Hello, do you know if I train another dataset (HR size = 480*480),which is different from your dataset, should I change the "HR_size":128 in tain_spsr.json?
If so, I'd change the 128 to 480, then I can't run the train code. It ends up with something like
23-06-17 14:54:34.882 - INFO: Start training from epoch: 0, iter: 0
Traceback (most recent call last):
File "train.py", line 182, in
main()
File "train.py", line 105, in main
model.optimize_parameters(current_step)
File "/home//SPSR-master/code/models/SPSR_model.py", line 282, in optimize_parameters
pred_g_fake = self.netD(self.fake_H)
File "/home//anaconda3/envs/RRSGAN37/lib/python3.7/site-packages/torch/nn/modules/module.py", line 1110, in _call_impl
return forward_call(input, **kwargs)
File "/home//anaconda3/envs/RRSGAN37/lib/python3.7/site-packages/torch/nn/parallel/data_parallel.py", line 168, in forward
outputs = self.parallel_apply(replicas, inputs, kwargs)
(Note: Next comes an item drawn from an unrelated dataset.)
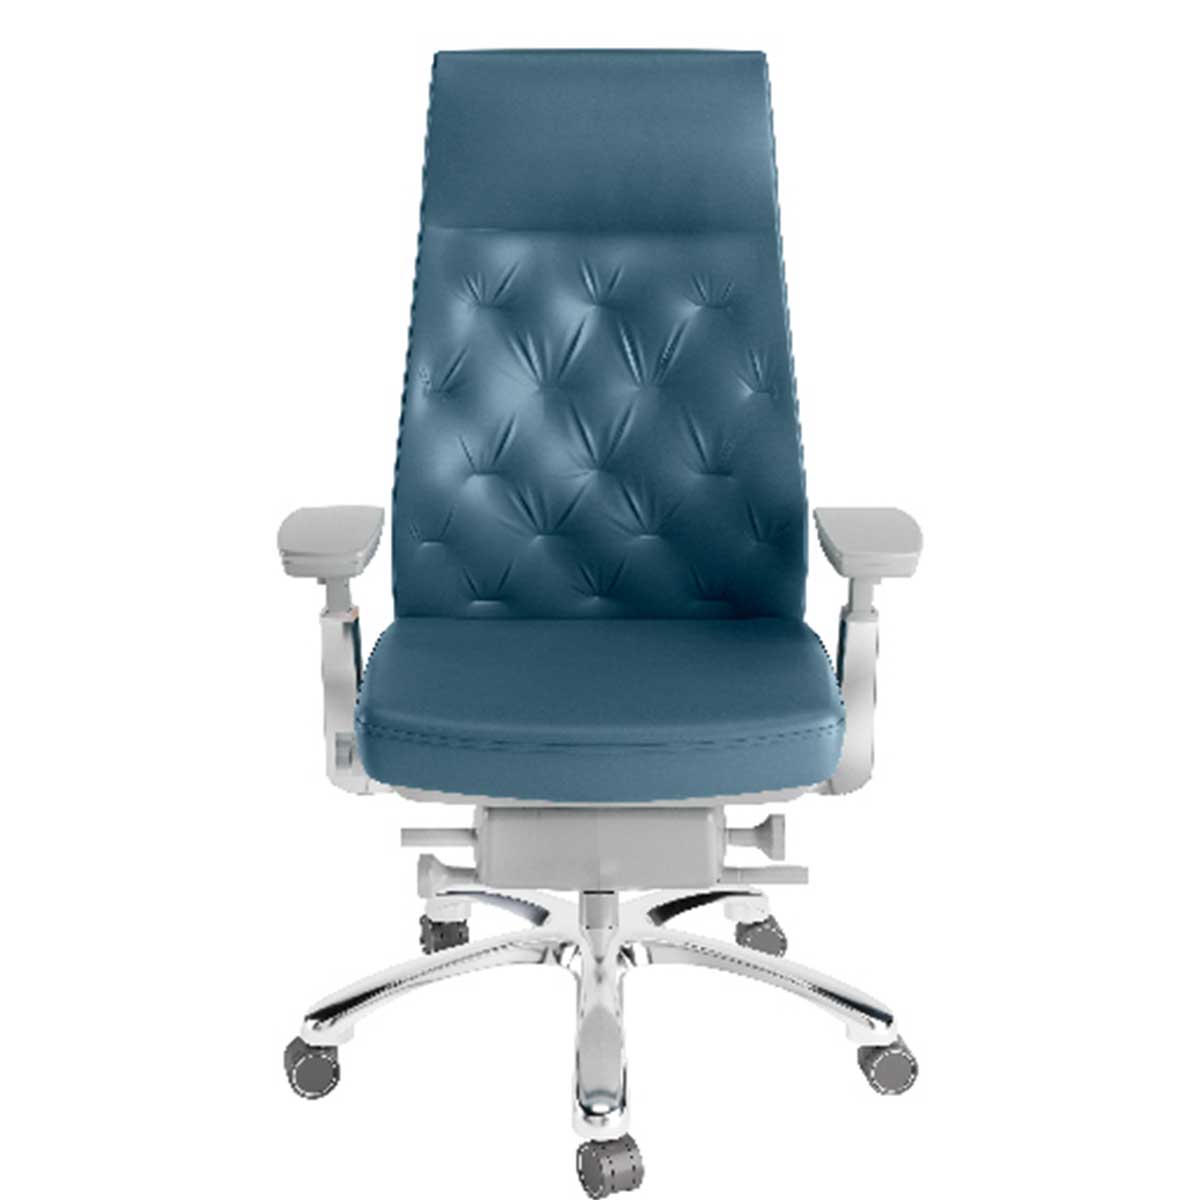 Boss Chair Manufacturers, Suppliers in Golf Course

File "/home//anaconda3/envs/RRSGAN37/lib/python3.7/site-packages/torch/nn/parallel/data_parallel.py", line 178, in parallel_apply
return parallel_apply(replicas, inputs, kwargs, self.device_ids[:len(replicas)])
File "/home//anaconda3/envs/RRSGAN37/lib/python3.7/site-packages/torch/nn/parallel/parallel_apply.py", line 86, in parallel_apply
output.reraise()
File "/home//anaconda3/envs/RRSGAN37/lib/python3.7/site-packages/torch/_utils.py", line 457, in reraise
raise exception
RuntimeError: Caught RuntimeError in replica 0 on device 0.
Original Traceback (most recent call last):
File "/home//anaconda3/envs/RRSGAN37/lib/python3.7/site-packages/torch/nn/parallel/parallel_apply.py", line 61, in _worker
output = module(input, **kwargs)
File "/home//anaconda3/envs/RRSGAN37/lib/python3.7/site-packages/torch/nn/modules/module.py", line 1110, in _call_impl
return forward_call(input, **kwargs)
File "/home//SPSR-master/code/models/modules/architecture.py", line 247, in forward
x = self.classifier(x)
File "/home//anaconda3/envs/RRSGAN37/lib/python3.7/site-packages/torch/nn/modules/module.py", line 1110, in _call_impl
return forward_call(input, **kwargs)
File "/home//anaconda3/envs/RRSGAN37/lib/python3.7/site-packages/torch/nn/modules/container.py", line 141, in forward
input = module(input)
File "/home//anaconda3/envs/RRSGAN37/lib/python3.7/site-packages/torch/nn/modules/module.py", line 1110, in _call_impl
return forward_call(input, **kwargs)
File "/home//anaconda3/envs/RRSGAN37/lib/python3.7/site-packages/torch/nn/modules/linear.py", line 103, in forward
return F.linear(input, self.weight, self.bias)
RuntimeError: mat1 and mat2 shapes cannot be multiplied (1x115200 and 8192x100)
To be noted that, within this error, '1*115200' is relevant to my batch size. When I use default batch size, it would turn out 'Out of CUDA Memory', so I had to set batch_size to 1.
If I don't change the HR_size (default = 128), then I can run the train code. But I don't know such training on my dataset (HR size = 480*480) would be appropriate or not?
I'm looking forward to your reply!
THANKS !